A Gay Man Connected John Lennon And Elton John
GQ once called Tony King a "fixer, muse and confidante to the gods of pop music," and two of those gods were Lennon and Elton John. (Hey, another LGBTQ+ person in their orbit!)
"The first time I met John Lennon, he was dancing with Tony King." John later wrote in his 2019 memoir Me. "Nothing unusual in that, other than the fact that they weren't in a nightclub, there was no music playing and Tony was in full drag as Queen Elizabeth II." (This was for a TV advertisement for Lennon's then-new-album, Mind Games.)
Lennon and John went on to spend plenty of time together in what's known as Lennon's "Lost Weekend" period in the mid-'70s; they recorded a hit song together, "Whatever Gets You Through the Night." If that song resonates with you, thank King, who was gay.
(There's an LGBTQ+ Queen connection, too; King also convinced Freddie Mercury to admit to his long-term girlfriend that he was gay.)
Billy Preston, Who Helped Them Forge Ahead At The End, Was Gay
With the Get Back documentary in the rearview, the story of Billy Preston and the Beatles is etched in stone.
As the band seemed to reach its most threadbare, Preston came in and supercharged them with a newfound sense of jubilation. ("You're giving us a lift, Bill!" Lennon crowed at one point.)
Preston continued on as a Fabs associate post-breakup, especially with Harrison — although he performed on solo records by Lennon and Starr as well.
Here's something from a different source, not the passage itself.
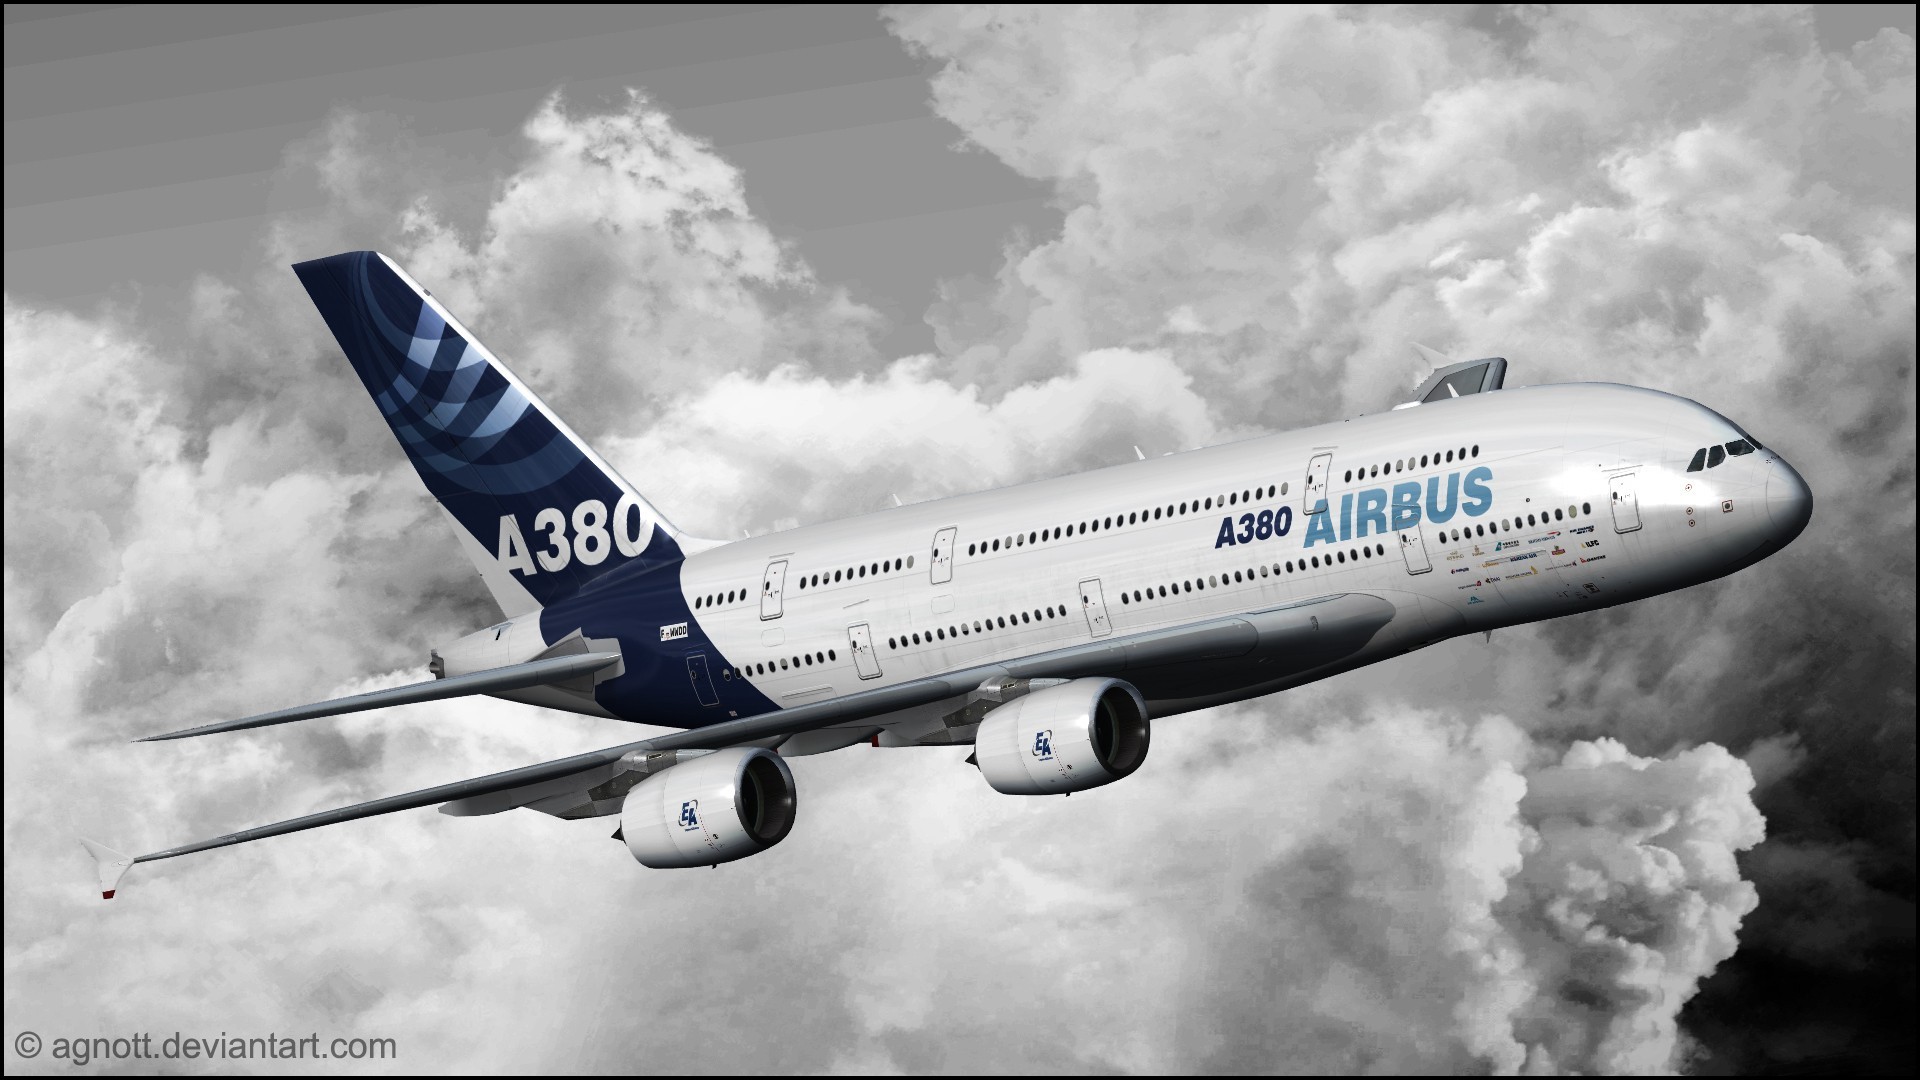 [72+] Airbus A380 Wallpaper on WallpaperSafari

Although Preston remained vital through the '70s, his career took a downturn in the '80s. He had a string of drug, legal and personal issues in the ensuing decades, although he turned in a stunning performance during the Concert for George, as well as other noteworthy moments.
It wasn't widely known until after his 2005 death that Preston struggled with his homosexuality, through the lens of his Christianity and devotion to the church.
This recontextualizes the triumphal highs and desperate lows of Preston's story — and renders it a lesson in allowing people to be who they are. There are few more Beatlesque messages than that.